AUDCAD has been trending lower on the 1-hour time frame and it looks like a trend pullback might be in order. Drawing a descending trend line connecting the latest highs of price action and using the Fib tool on the latest swing high and low shows that the 61.8% retracement level lines up with an area of interest.
In particular, this Fib is just below the .9850 minor psychological level, which also happens to be near the 100 SMA dynamic resistance. This short-term moving average is below the longer-term 200 SMA, which confirms that the downtrend is likely to carry on.
If so, AUDCAD could move back to the previous lows at the .9700 major psychological mark. Stochastic is making its way down from the overbought region so sellers are gaining the upper hand. However, RSI is still on the move up and hasn’t quite made it to the overbought area yet.
Crude oil price declines have weighed on the Loonie lately, as recent meetings among smaller oil-producing nations have failed to bear fruit. In addition, the American Petroleum Institute recently reported an increase of 2.4 million barrels in stockpiles while the US Energy Information Administration is expected to show a buildup of 3.1 million barrels.

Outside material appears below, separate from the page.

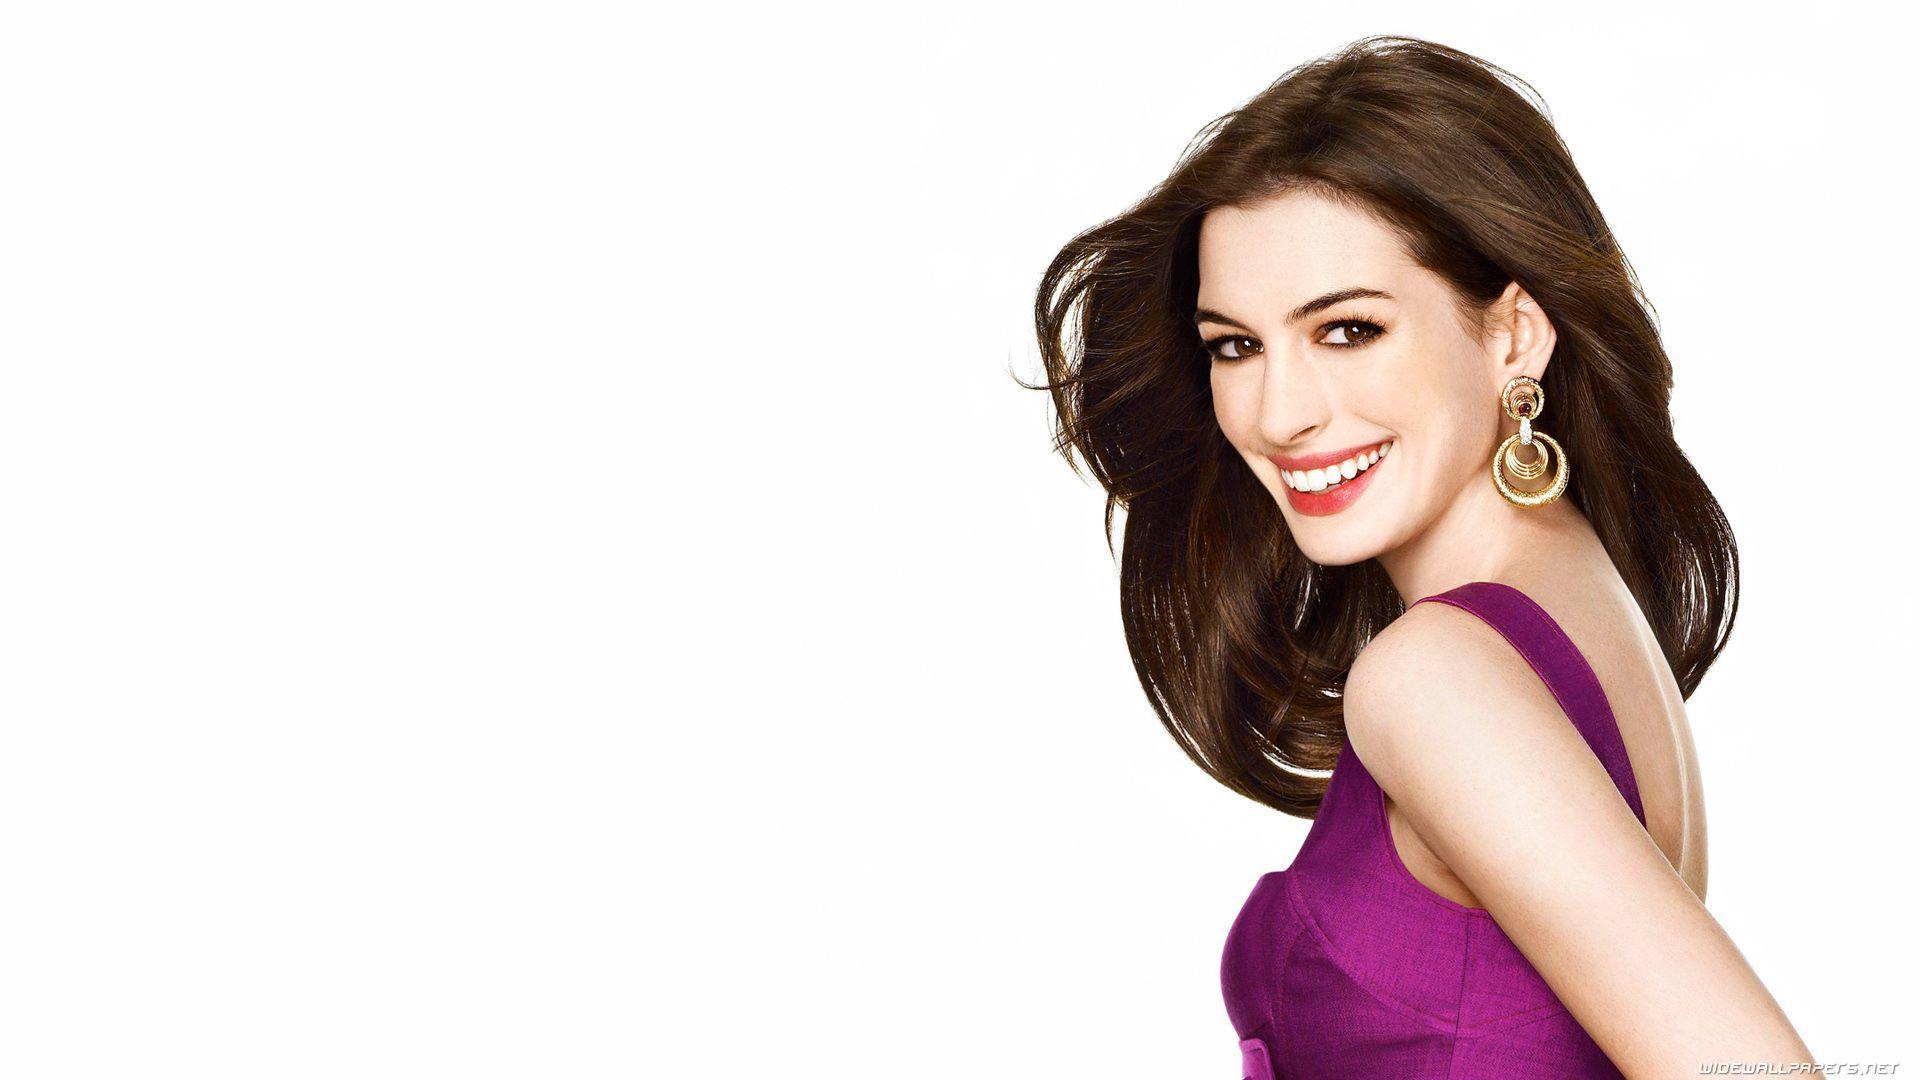 Anne Hathaway Desktop Wallpaper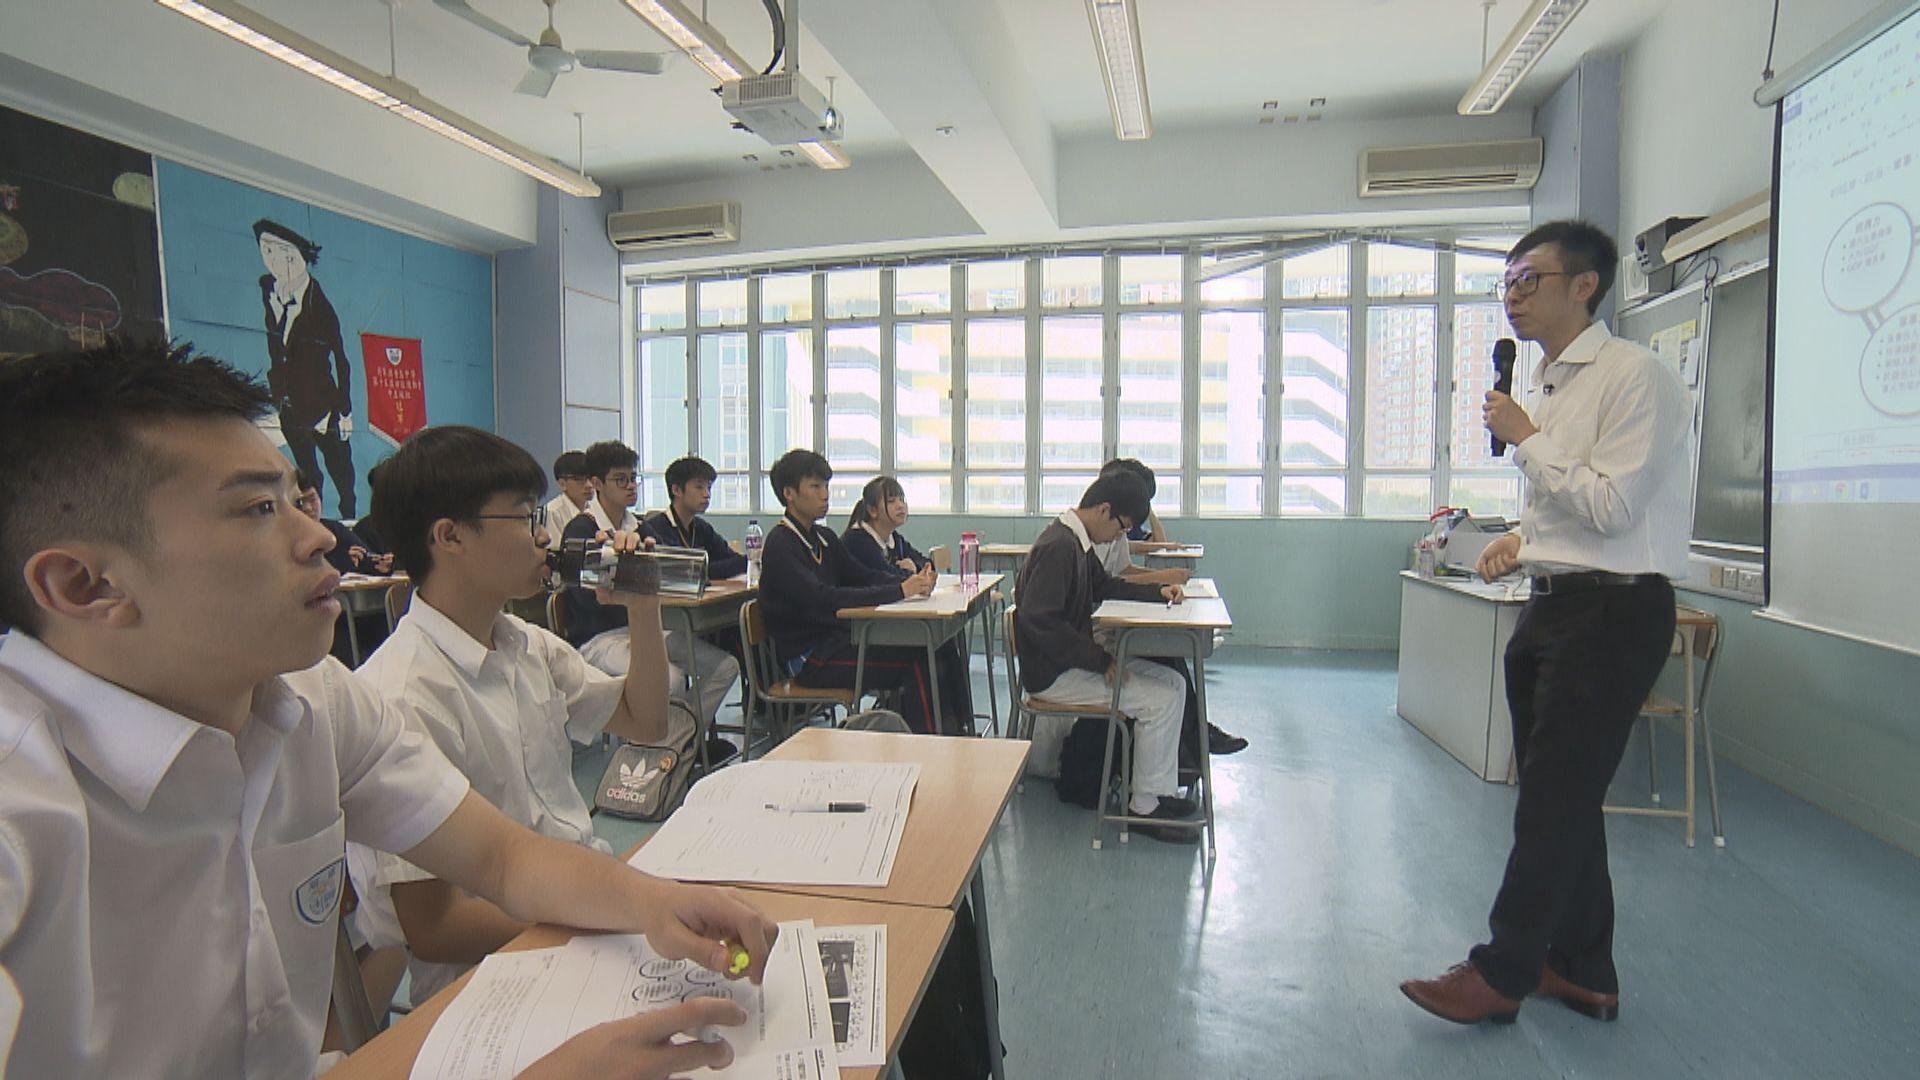 新入職教師須修讀至少90小時的培訓課程

Higher gains in oil supply could further drive prices lower and perhaps even trigger an upside break for AUDCAD if the Loonie is also dragged down by the commodity. However, the Canadian currency appears to be more resilient these days, even with downbeat jobs data released last week.
Data from Australia has been positive so far, with the Westpac consumer sentiment index showing a strong rebound and HIA new home sales up by 6.0%. Still, risk aversion could weigh on the higher-yielding Aussie, especially in the absence of Chinese and Asian session traders due to the Lunar New Year holidays.